The Greatest Common Divisor (GCD) is the largest positive integer that divides all given numbers without remainder.

Example: GCD(12, 18) = 6 because 6 is the largest number that divides both 12 and 18.

What is LCM?

The Least Common Multiple (LCM) is the smallest positive integer that is divisible by all given numbers.

Example: LCM(12, 18) = 36 because 36 is the smallest number divisible by both 12 and 18.

How does the Euclidean Algorithm work?

The Euclidean algorithm repeatedly replaces the larger number with the remainder of dividing the larger by the smaller, until the remainder is 0.

Steps for GCD(48, 18):

  1. 48 = 18 × 2 + 12
  2. 18 = 12 × 1 + 6
  3. 12 = 6 × 2 + 0
  4. GCD = 6 (last non-zero remainder)
What is the Extended Euclidean Algorithm?

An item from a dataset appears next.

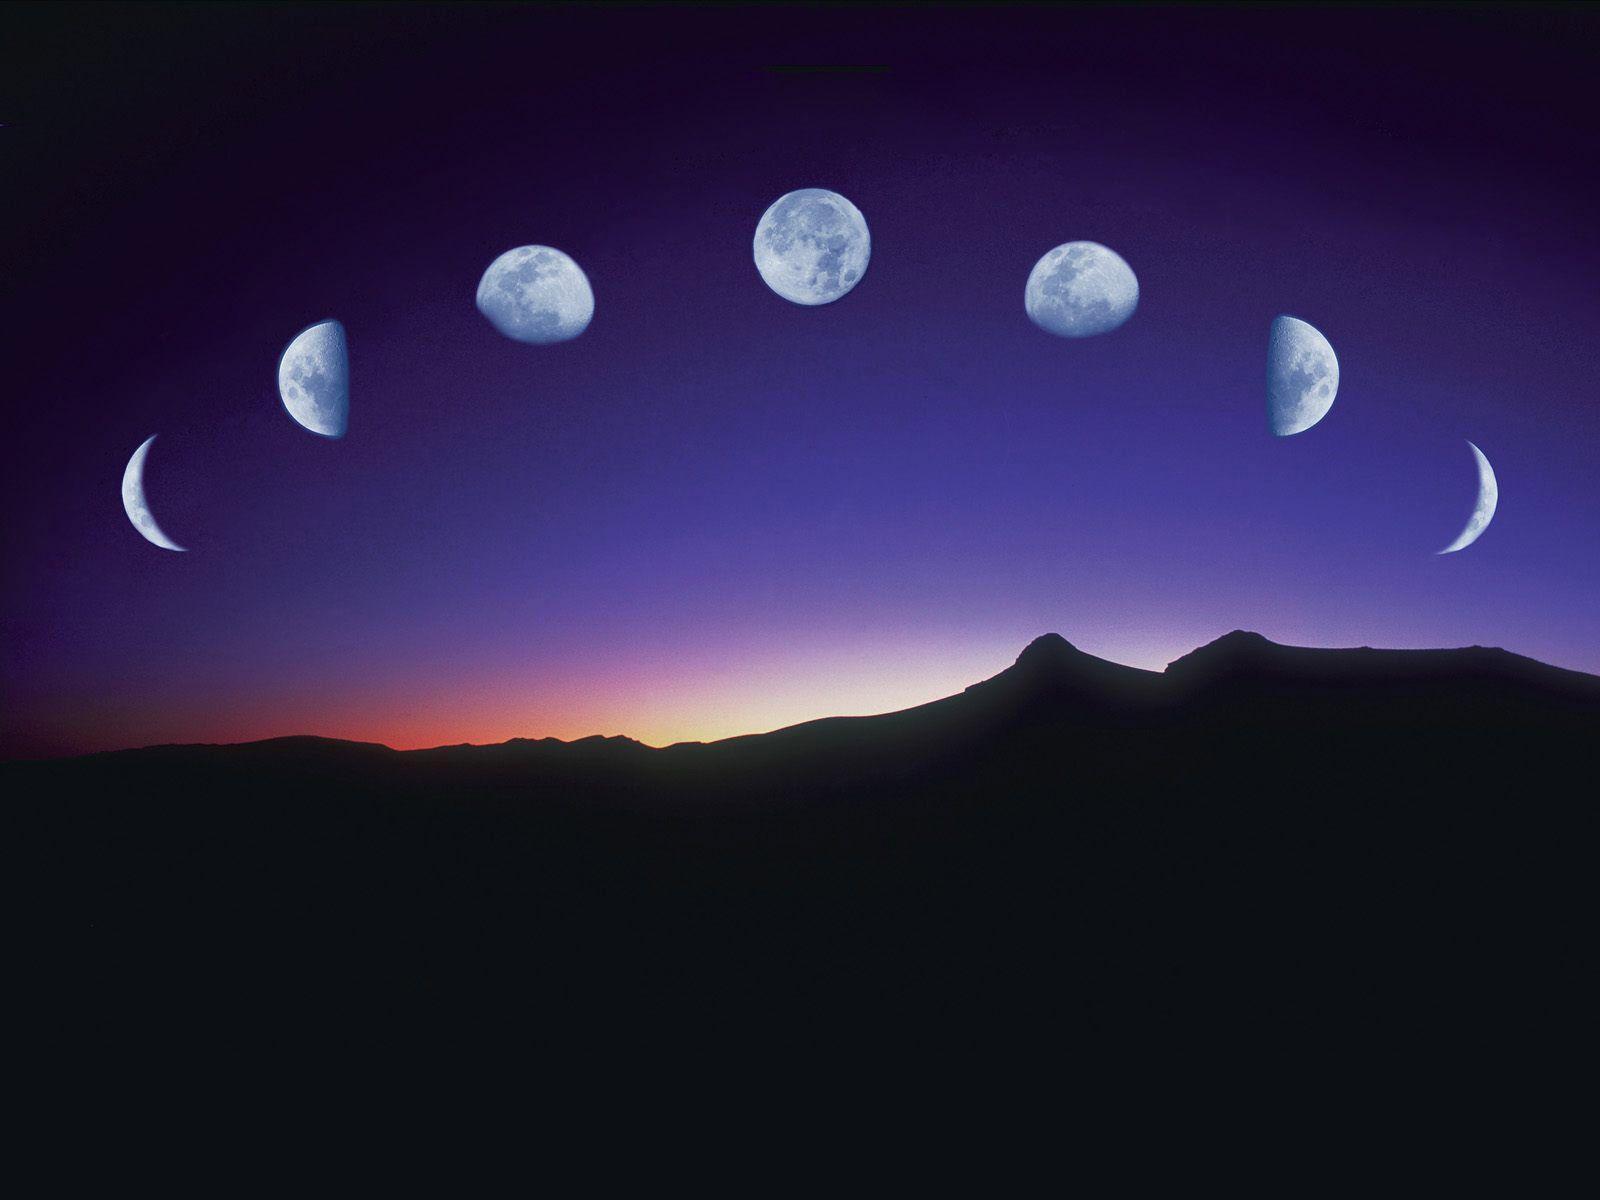 Desktop Wallpaper · Gallery · Space · Phases of the Moon. Free

The Extended Euclidean Algorithm finds integers x and y (Bézout coefficients) such that:

a × x + b × y = GCD(a, b)

This is used in cryptography, modular arithmetic, and solving Diophantine equations.

What is the Binary GCD Algorithm?

Also known as Stein's algorithm, it computes GCD using bit operations (shift and subtract) instead of division, making it faster on modern computers.

It uses the properties:

  • GCD(a, a) = a
  • GCD(2a, 2b) = 2 × GCD(a, b)
  • GCD(2a, b) = GCD(a, b) if b is odd
  • GCD(a, b) = GCD(|a-b|, min(a,b)) if both odd
How to calculate GCD/LCM of multiple numbers?

Apply the algorithm iteratively:

GCD(a, b, c) = GCD(GCD(a, b), c)

LCM(a, b, c) = LCM(LCM(a, b), c)

Both GCD and LCM are associative, so the order doesn't matter.